By ROY A. JONES II / Regional Editor

As many times as Frank Pellizzari Jr. has been honored by his hometown of Breckenridge and by the Boy Scouts of America, you'd think he'd be used to making acceptance speeches.

But the scoutmaster burst into tears and was unable to continue when the latest scouting award was pinned to the beribboned chest of his uniform Tuesday.

That he was physically weak had much to do with the emotion. The award was presented at Abilene Regional Medical Center, where the 76-year-old, retired Breckenridge shoemaker has been a patient for nearly a month. He was admitted in critical condition with a blood disorder in late July but has improved enough to move to a private room in the Skilled Nursing Unit.

When he became short of breath during the brief ceremony, a nurse quickly stepped forward and turned up the oxygen attached to the back of his wheelchair.

"This kinda keeps me tied down," he joked.

Eric Howell of Brownwood, new scout executive for the Comanche Trail Council, presented Pellizzari with the James E. West Fellowship Award, named for the first chief scout executive of the Boy Scouts of America -- an award which was especially meaningful to Pellizzari.

With much difficulty, the veteran scoutmaster explained later that during a memorable trip to the very first Boy Scout Jamboree -- held in 1937 in Washington, D.C. -- he got to meet West and President Franklin Roosevelt on successive days.

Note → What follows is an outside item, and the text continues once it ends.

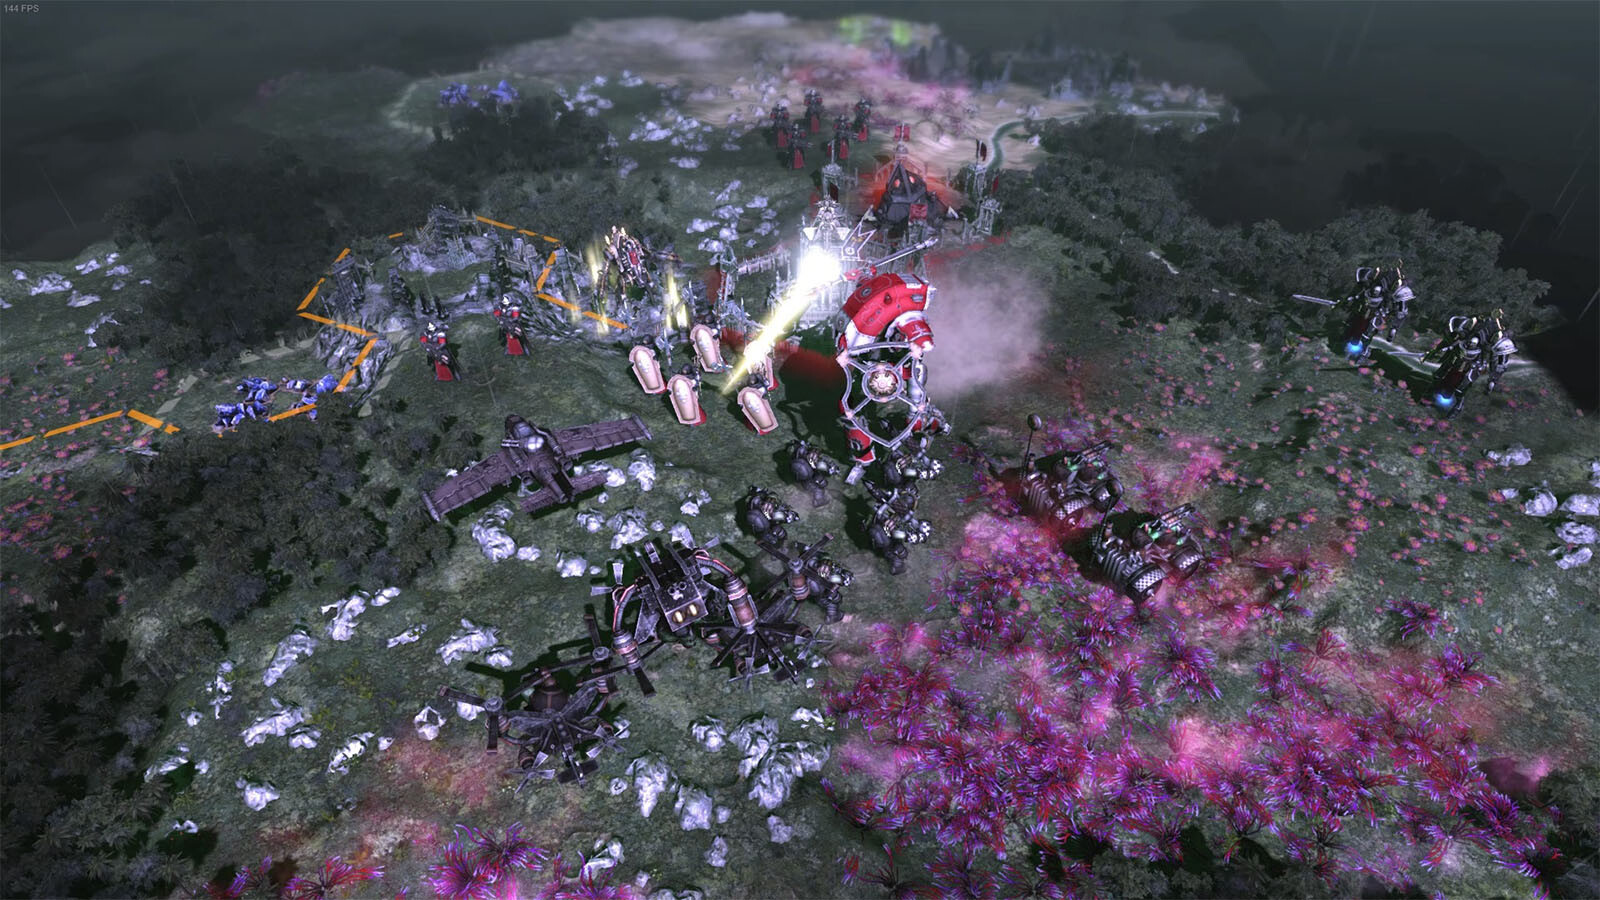 Warhammer 40,000: Gladius - Adepta Sororitas (GOG) GOG Key for PC

He said he and some other scouts from the Chisholm Trail Council were walking down a dirt road when a large, open touring car stopped to let them pass.

"Mr. West was in the car and he called us over and asked where we were from," Pellizzari said. It was the highlight of his young life until the following day when he and several other Scouts were standing in a long line hoping to tour the White House.

"Suddenly some T-men, the U.S. Treasury agents who guarded the president before the Secret Service, pulled several of us from the line and told us to come with them," he said. "To our surprise they took us into the Oval Office and there sat the president with his cigarette and holder in the corner of his mouth and a wide grin.

"He asked each of us where we were from and when I said Breckenridge, Texas, he commented that his vice president (John Nance Garner) was from Uvalde," Pellizzari recalled.

Sobbing again, Pellizzari said any recognition should not go to him but to the assistant scoutmasters who helped him throughout his 60 years of leadership.

Pellizzari became an Eagle Scout in 1937 and since then has inspired 77 other young men to become Eagle Scouts.

Two strokes, surgery on one hand and one leg, and lung cancer forced Pellizzari to close his downtown Breckenridge shoe shop, founded by his father in 1918, last September. But his love for Breckenridge has not waned; he continued to help his wife, Jeanette, deliver meals for Meals on Wheels until his latest hospitalization.